Jose Gregorio Diaz Mirabal, general coordinator of the Congress of Indigenous Organizations of the Amazon River Basin, told Al Jazeera: “We are sure we will continue to defend Indigenous territories, but we are not sure that our actions are changing the environmental reality — because the data on deforestation, fires, pandemic, extractivism and murders say otherwise.”
But Marlon Vargas, president of the Confederation of Indigenous Nationalities of the Ecuadorian Amazon, believes “the decision of these banks to stop financing trade of Amazon crude from our territories is a major milestone in our effort to protect our lands, our lives, and our cultures.”
“For too long, the oil industry has wreaked havoc on our peoples, violated our rights, felled our forests, taken our territories, and created climate chaos,” he said.
“The banks that finance this destruction are complicit in what is a genocidal threat for us, and an existential threat for humanity and our planet,” said Vargas, who is calling for the development of economic alternatives for Indigenous communities.
Amazon Watch and Stand.earth are demanding that banks refrain from financing all Amazon oil-related activities, “unless adequate remediation of contamination occurs, rights to health of local communities is guaranteed, safeguards are in place to prevent future spills … and a wind-down of existing wells in line with global climate goals”.
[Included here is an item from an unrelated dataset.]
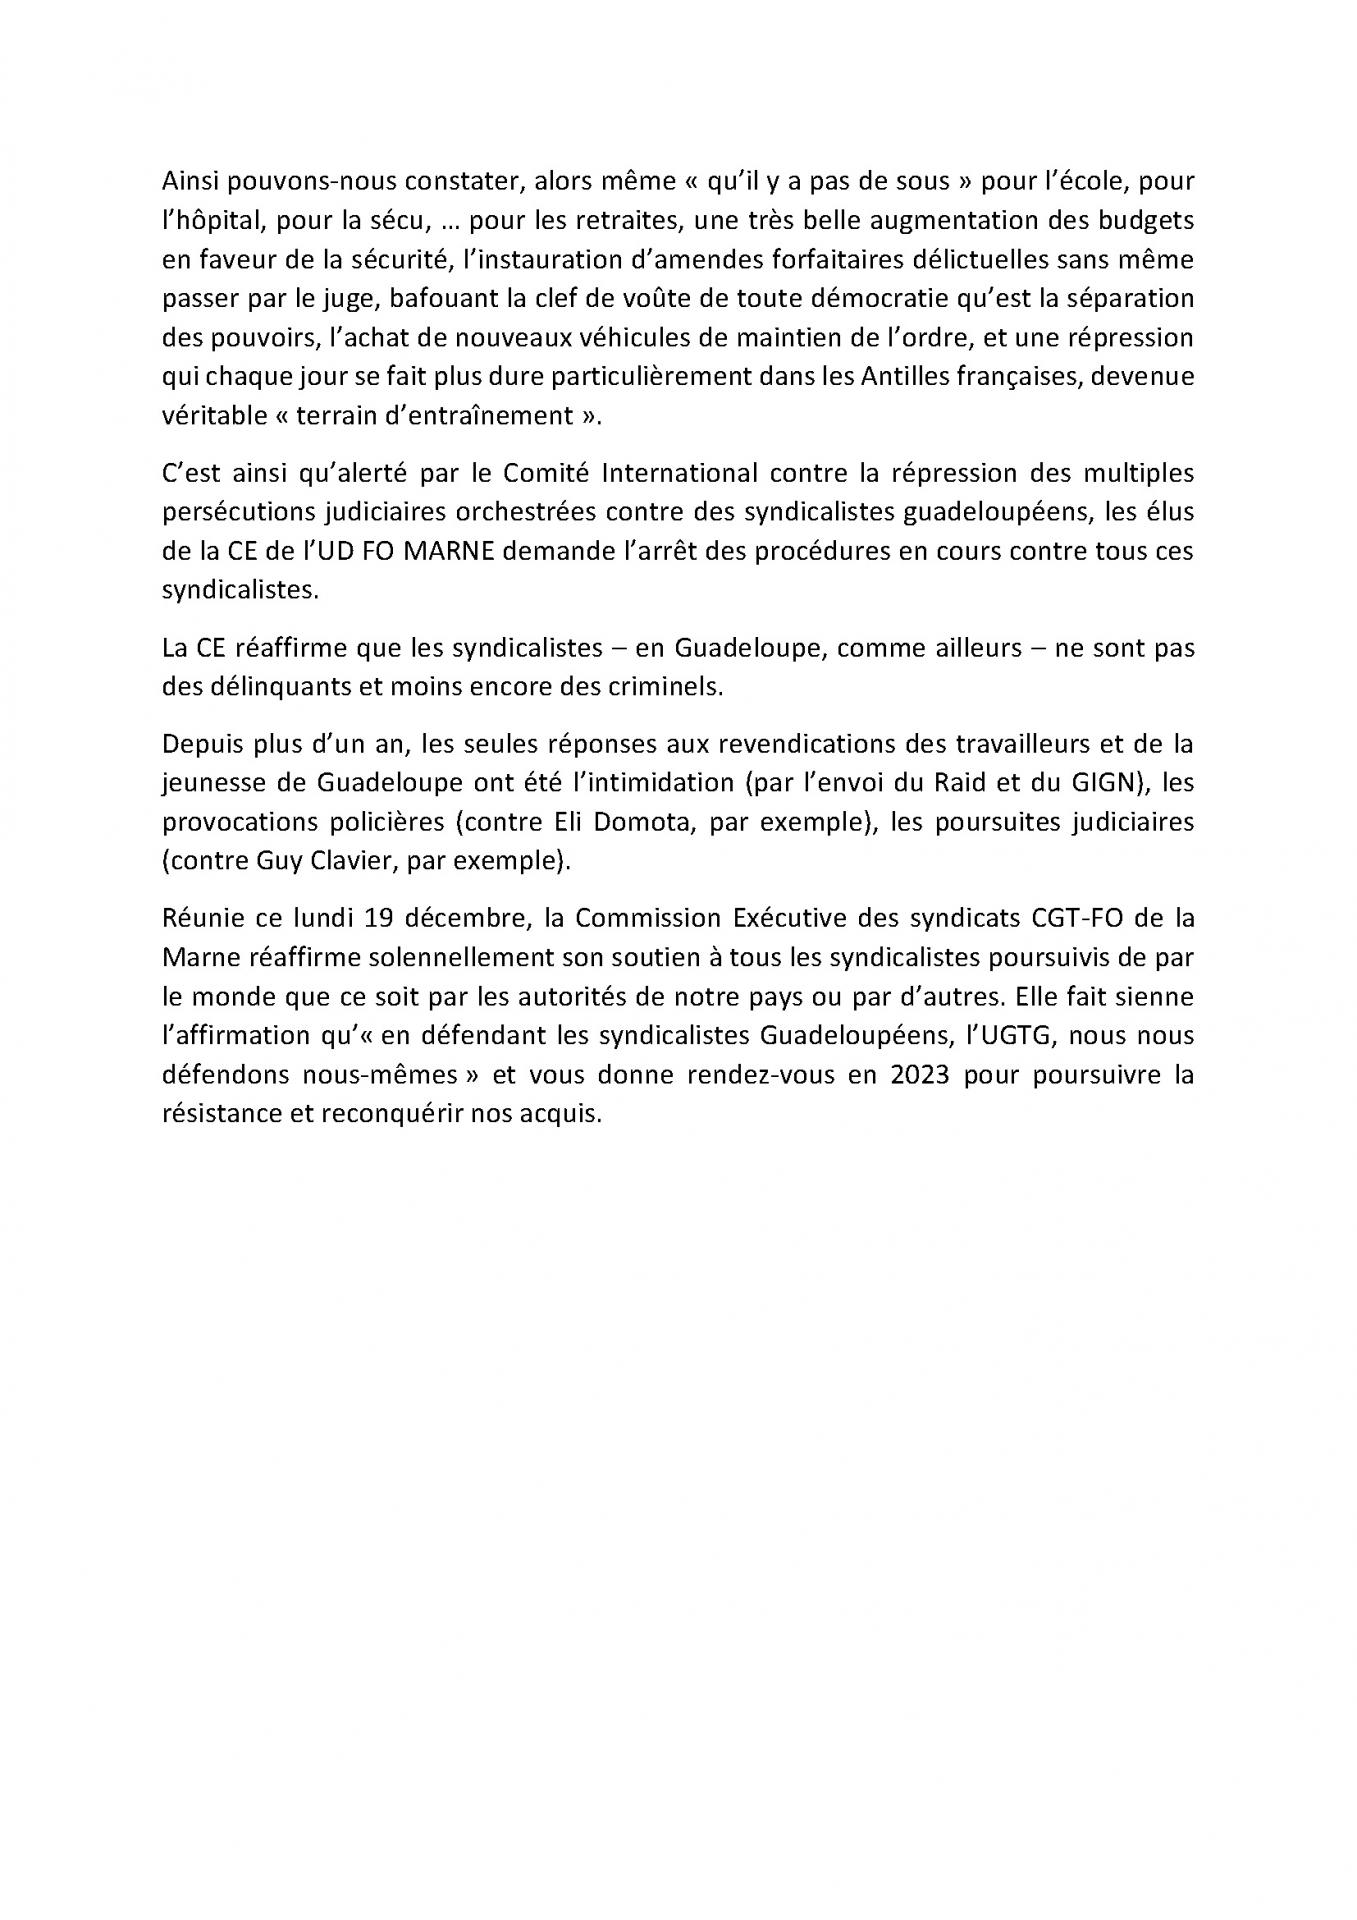 Déclaration CE udfo51 du 19-12-2022 suite

To meet the Paris Agreement aim of limiting global warming to within two degrees Celsius, companies in Europe are increasingly falling in line.
“Credit Suisse reviews and updates its sector-specific policies on a regular basis,” Yannick Orto, a spokesman for the Swiss firm, told Al Jazeera.
“As part of our commitments to address climate change, protect biodiversity, and respect human rights, we introduced further restrictions on financing fossil fuels in the course of last year,” he said. “This is in line with our ambition to become a sustainability leader in the financial industry, which we introduced in 2020.”
Last year, the bank established a sustainability research function at the executive level and a sustainability advisory committee for its board of directors.
“In this context, we also announced our ambition to provide at least 300 billion Swiss francs ($339bn) of sustainable financing to support [climate] transition strategies over the next 10 years,” Orto added.
From the Amazon to Zurich, environmental advocates say that these funds cannot materialise soon enough.